Mas todo esse empenho em valorizar a cultura afro-brasileira não vem sem alguma resistência. A escola, aberta à comunidade, recebe muitos alunos de fora do quilombo, e algumas famílias não entendem o projeto de educação em vigor, e “acham que só ensinam macumba”, como conta a diretora, e acabam tirando os filhos da escola.
“Eu sou negra, e sei a importância de valorizar nossa história. Por meio do estudo, porque a nossa cultura ficou adormecida por muito tempo no ambiente escolar, as crianças pequenas vão poder conhecer a nossa bonita história, que nós não vamos deixar morrer”, diz Ana Rogéria.
A escola quilombola de São Pedro da Aldeia, no entanto, enfrenta um problema comum a muitas outras: a falta de continuidade para as demais etapas de ensino. São raras as unidades que ofertam Ensino Fundamental II e Médio. Uma delas fica em Palmas, no interior do Paraná.
Inaugurado em 2009, o Colégio Estadual Quilombola Maria Joana Ferreira recebe 460 estudantes, e também trabalha os conteúdos regulares do currículo junto aos saberes e culturas africanas e do quilombo.
Em relação às matrículas em escolas quilombolas, o Ensino Médio concentra apenas 5,9% enquanto o Fundamental corresponde a 68,5%, segundo o estudo Educação Escolar Quilombola no Censo da Educação Básica, do Instituto de Pesquisa Econômica Aplicada (Ipea), de 2015.
“Nós, negros, já passamos tempo demais sem vez, sem voz. Agora vamos mostrar que somos capazes, sujeitos de nossa própria história”, diz Rosemary Ferreira da Silva Câmara, diretora do colégio. “E ter escolas quilombolas é fundamental para isso, e não significa que estamos nos excluindo, como dizem, até porque o quilombo hoje é composto por várias etnias, acolhemos a todos”, afirma.

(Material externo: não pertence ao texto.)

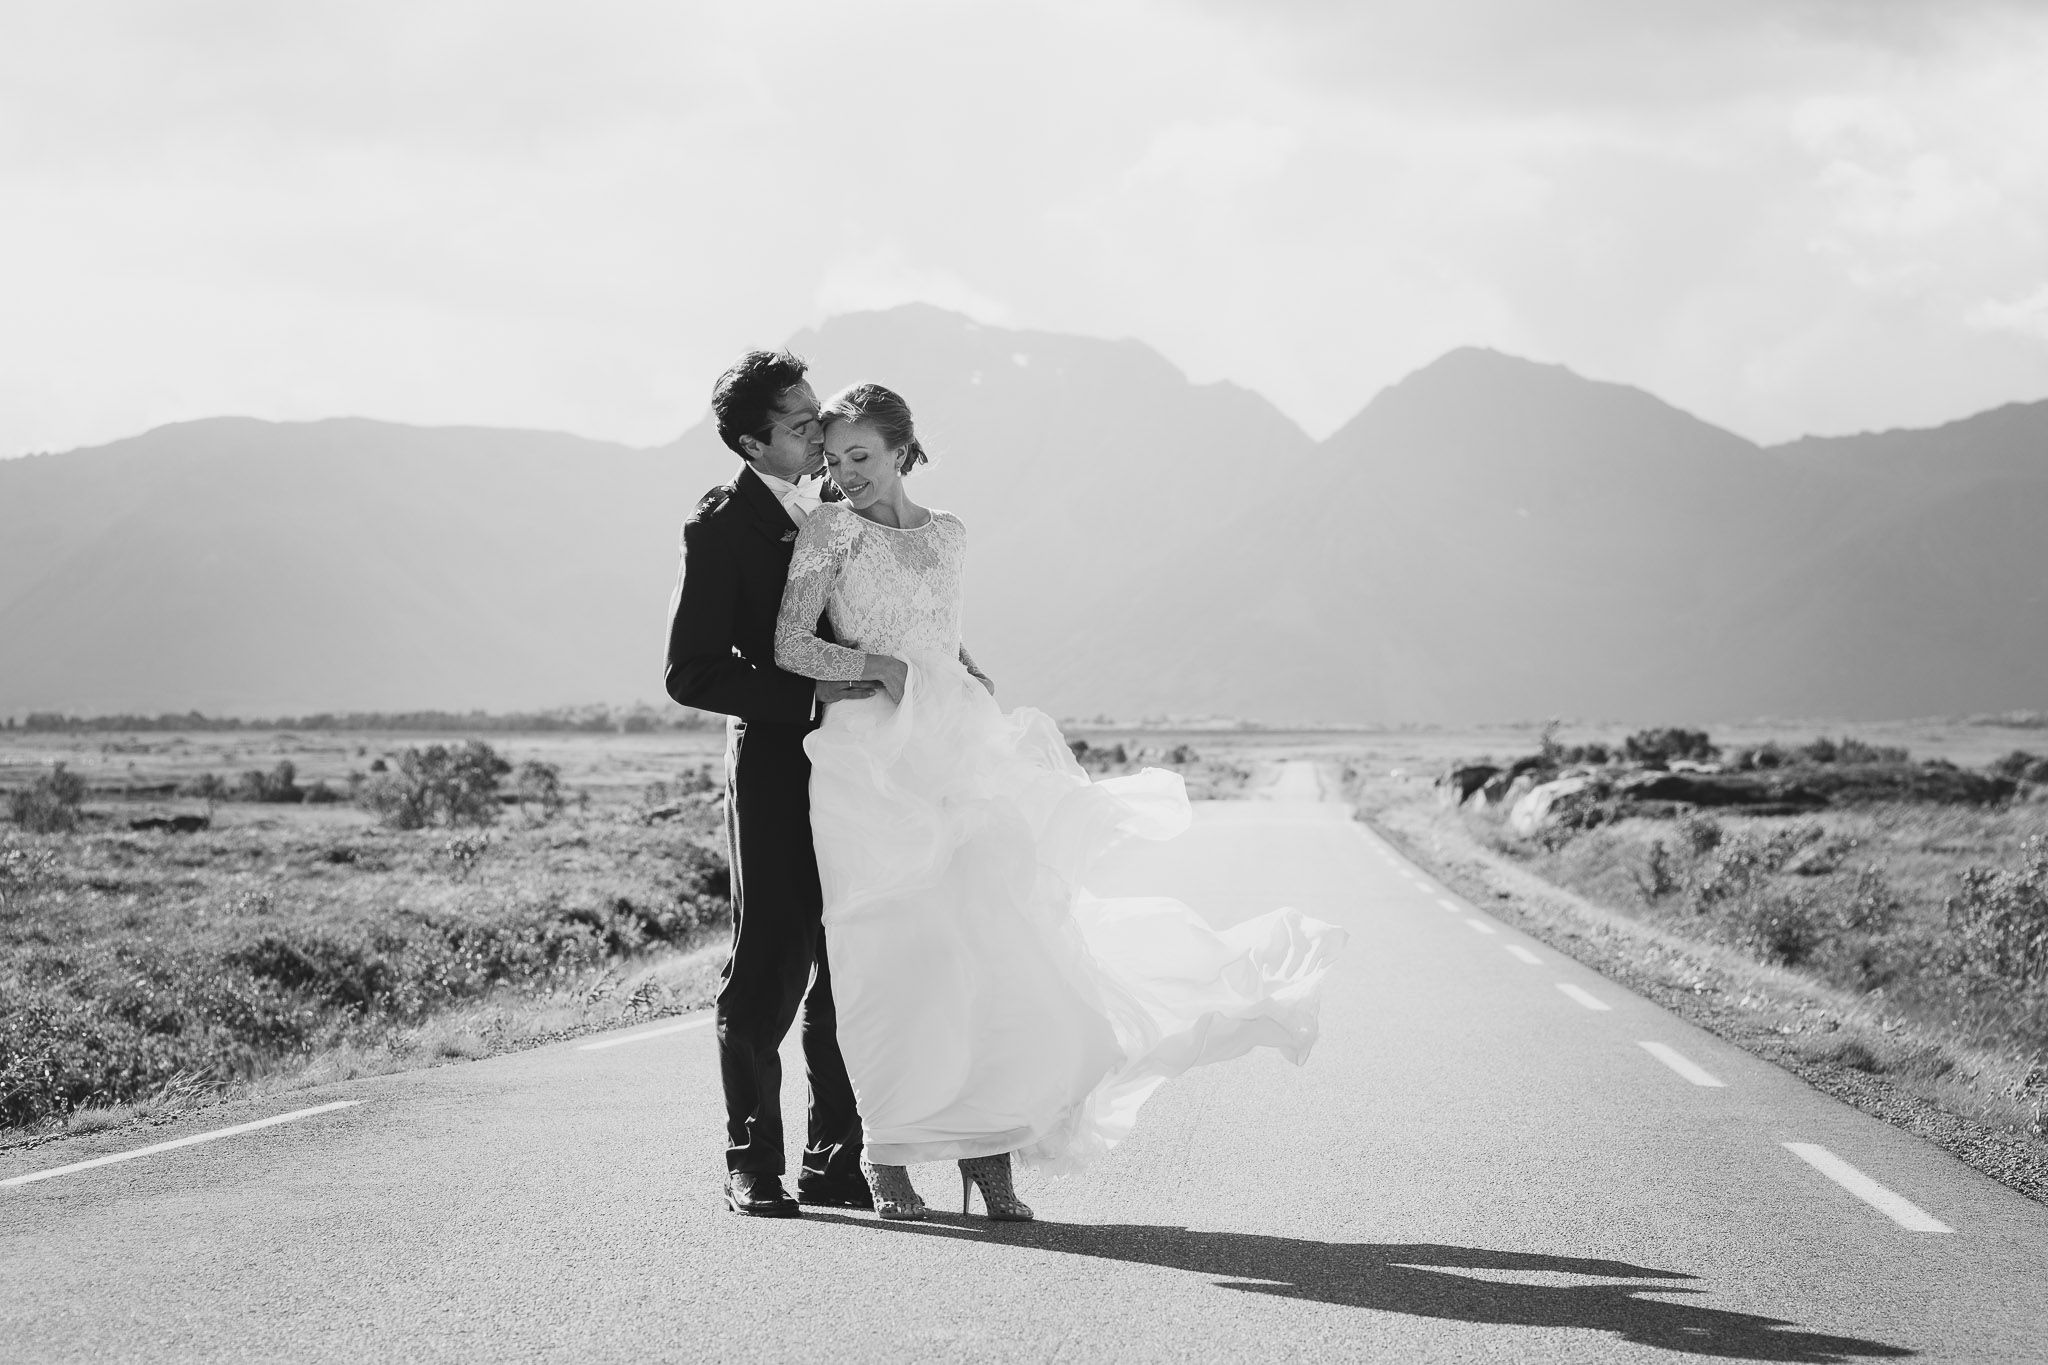 Bryllupsfotografering-lofoten-heldags-fjell-35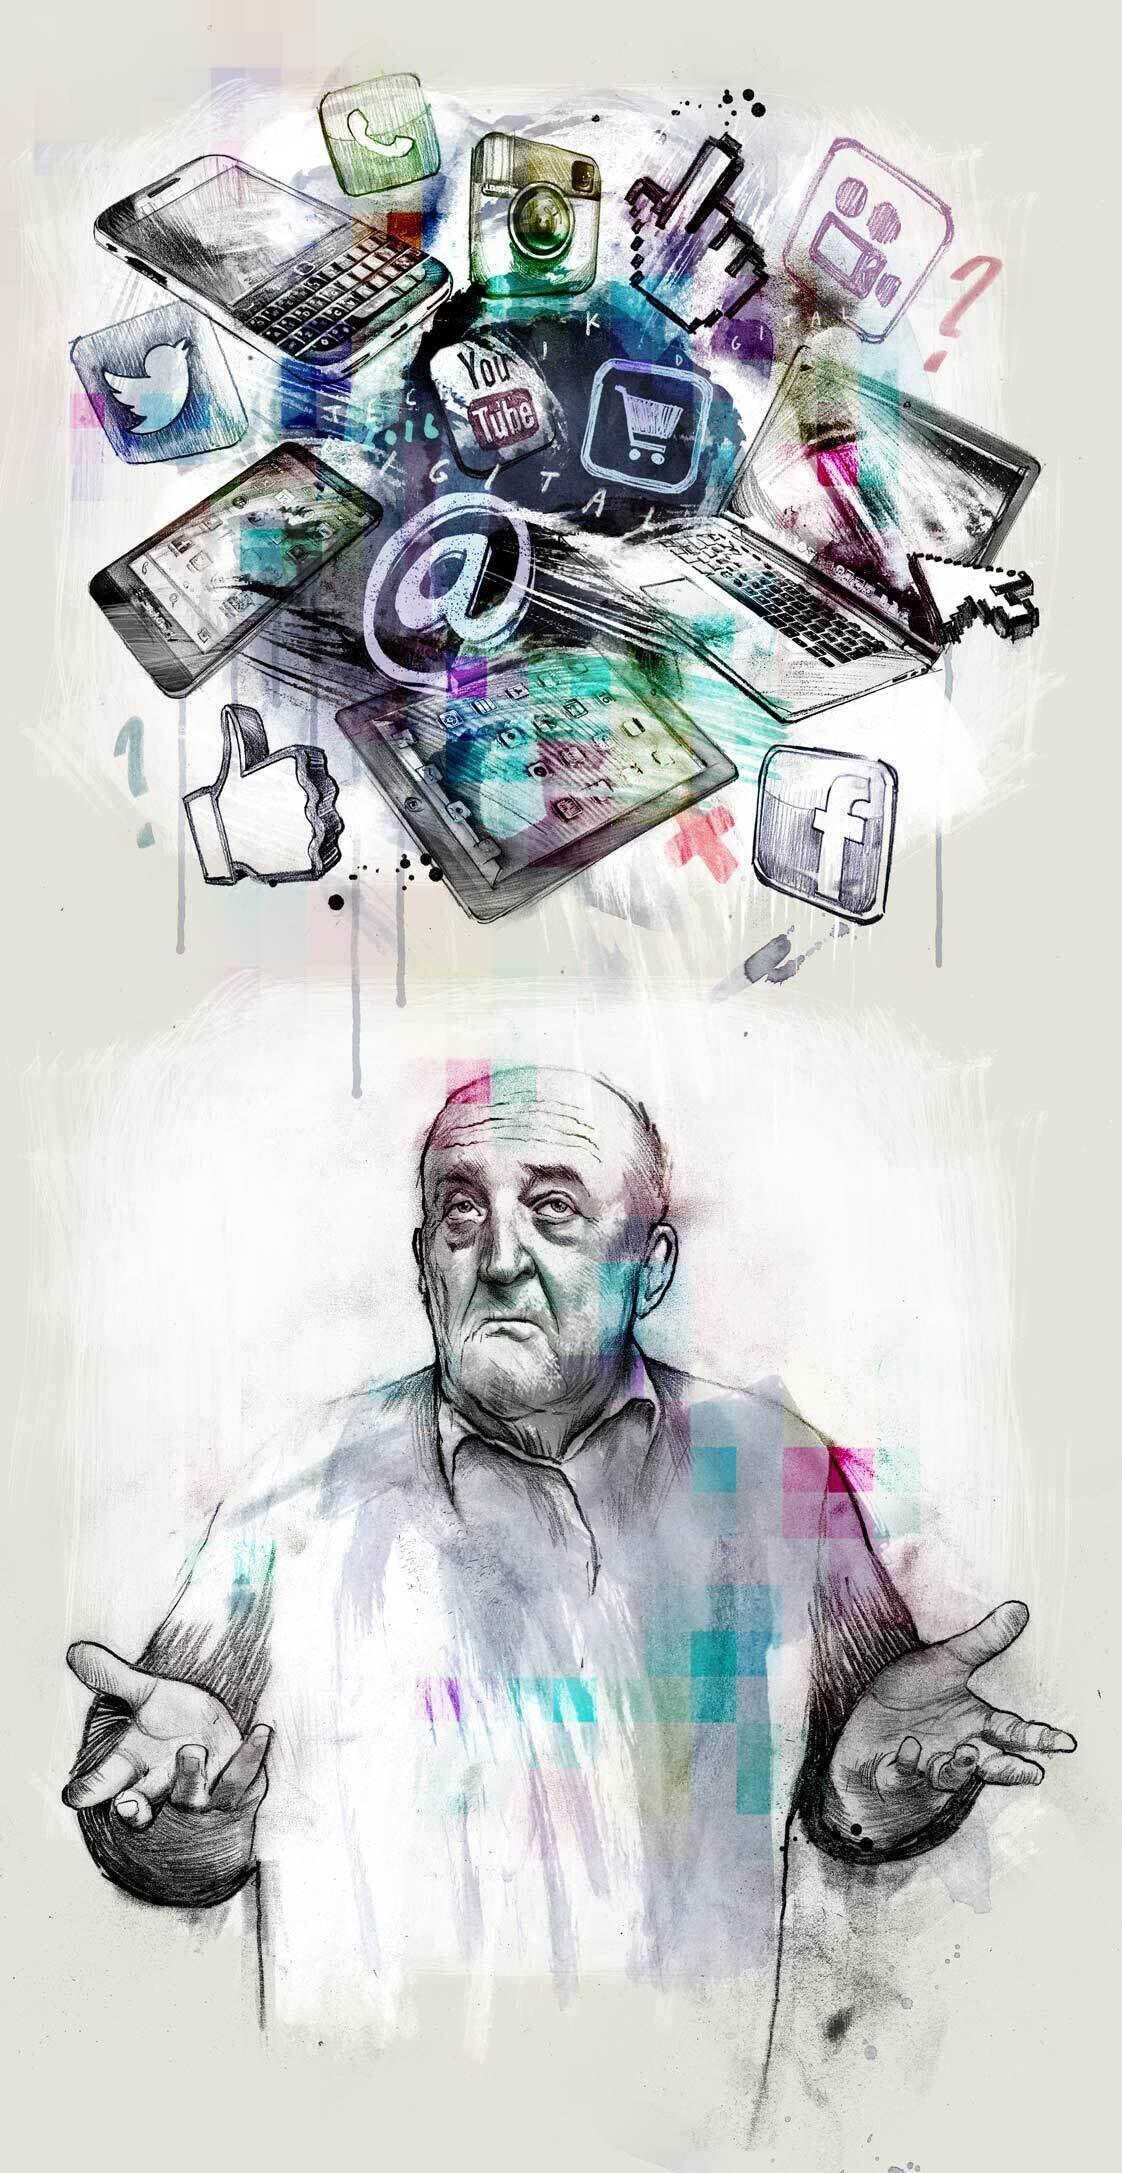 Technology age old man social media youtube smartphone facebook intagram twitter editorial illustration artwork - Kornel Illustration | Kornel Stadler portfolio

A diretora também conta que promover intercâmbios culturais é um dos principais objetivos da escola, e que costumam visitar outros espaços e cidades vizinhas. Em breve, por exemplo, os estudantes irão conhecer uma comunidade indígena para ensinar a mankala, um jogo africano para aprender matemática.
Dentro da escola, procuram trabalhar o racismo e outras questões por meio do resgate da autoestima e da ancestralidade, mostrando sua riqueza cultural. Sobre a importância destas ações, Rosemary sintetiza: “Queremos nossos direitos, ter visibilidade na sociedade e diante do poder público, porque ainda temos muito preconceito e racismo no Brasil.”